About a month ago my friend Cindy and I went to go see the jaw-dropping remake of Red Dawn (and that’s an entirely different story—wow, what an amazingly delusional Tea Party wet dream) in downtown Brooklyn, and stopped at the Community Bookstore down the street afterwards. For those that haven’t been, this spot is a messy, musty treat. Like a thawing ice cream cone, dripping across your fingers before you can catch it, the walls of Community appear to be constructed out of cascading paperbacks. Spines crush into covers, mass market wedges hold up the lot—a giant game of Jenga, pulling out any one volume might cause the entire building to spill.
Picking through the wreckage, Cindy yanked out a slim hardback entitled Pilot Bails Out. I’m not sure what caught her attention, but the cover immediately grabbed mine. At first it looked like one of the Rockwell Kent wraps for the Boni Paper book series—a similar atmospheric block-print-style drawing executed effectively in a powerful duotone. Complex yet efficient, bold but not intense. It turns out the artist—and author—Don Blanding was a hugely popular poet in the 1930s and 40s, publishing multiple successful books (150,000 copies or more for some of them) on small West Coast publishers before moving to New York heavyweight Dodd, Mead, and Company.
Here the title functions as self-referential icon. Pilot Bails Out becomes a parachute, bringing an abstract upside-down exclamation point safely to the ground. The stamp on the cloth under the dust jacket is more direct, a golden chute carries a solitary figure across the vast blue expanse of the cover. With the ground and clouds removed, the pilot looks lost in space, less heroic and more vulnerable. This is about as ambivalent as Blanding gets in this deeply pro-war book.
His drawings of the 1942 New York City blackout are really charming. I don’t know what the sky looked like here seventy years ago, but now you really can’t see it. Light pollution makes looking up at night generally feel futile, but Blanding captures a textured sky, something worth gazing at, a quilt of clouds and stars and smoke.
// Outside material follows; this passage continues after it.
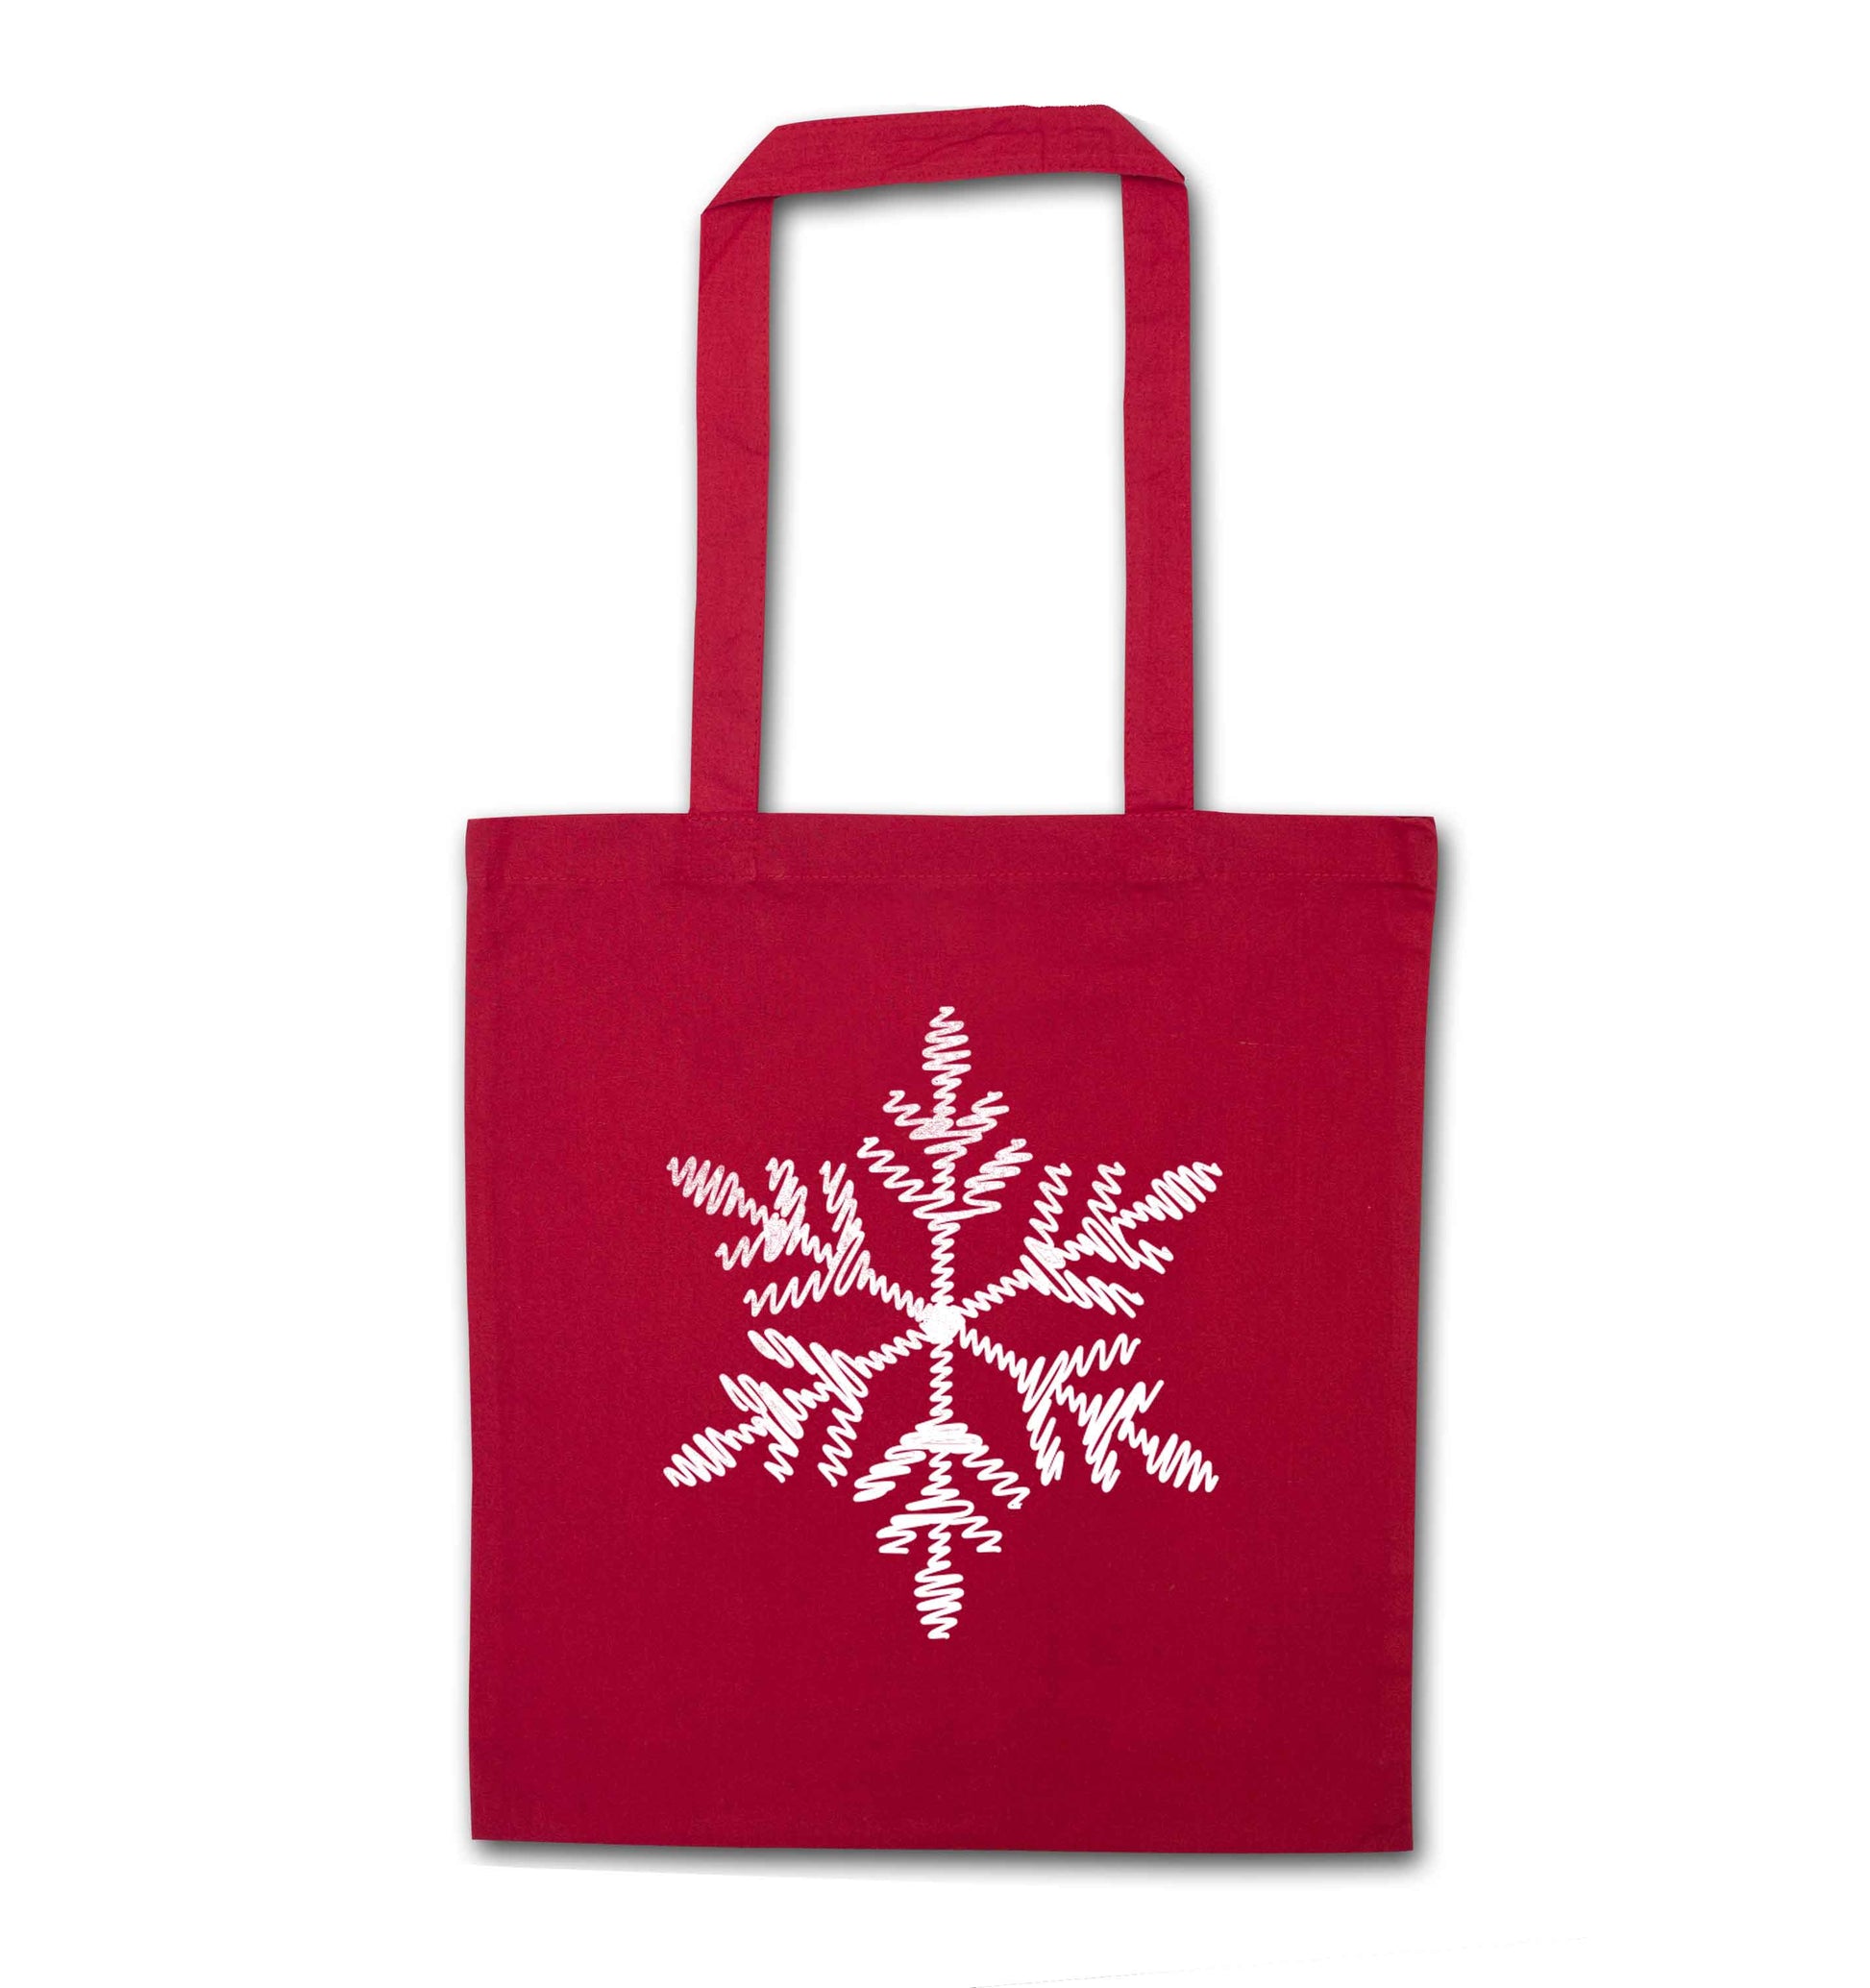 Snowflake red tote bag

The author, whose nickname was the “Vagabond Poet,” is presented as a quintessential US personality: a self-made Okie, military veteran, artist, poet, and bard of the beauty of exotic colonial conquest, Hawaii. He shares some of these qualities with Kent, and with another well-known Left cultural producer peer, Woody Guthrie. But unlike them, Blanding doesn’t appear to have any Left tendencies or sympathies, and makes a much less interesting personality for it. His odes to the US air force hold no ambivalence, and read like a US brand of patriotic Futurism: “For all/Whose hearts/Follow our/Winged youth/In valiant flight” and “Man has found wings. Found them? Hell, he made them!/Out of the way. Winged man is speeding forth.” Aesthetics aside, this is deep Marinetti territory—romantic for speed, power, and violence in the most insipid way. It would be less than two years later when these heroic winged youth would be dropping atomic bombs on Hiroshima and Nagasaki.
Regardless of content, it’s hard not to be impressed by Blanding’s drawings of flight. His airplanes look as much like mandalas as machines, spiritual objects at home in the clouds. They don’t so much own the sky as become part of it. These planes are the center of the universe, everything radiates out from them.
This was maybe more of a break from the past two months of looking at Anarchy than I intended. Next week we’ll be back on more familiar territory, looking at the books produced by Tricontinental Press in Havana, Cuba in the 1960s and 70s.
I have a hard copy of pilot Bails Out… It is signed by the author.. Don Blanking.. and a liutenant in the Naval Reserve… Henry Taub… What would it be worth if you know… Please let me know… Thank you… Kenneth Dodd
Hi Kenneth, I actually don’t think it’s worth much. I got my copy for $1, and I think it’s pretty easy to find at online bookshops.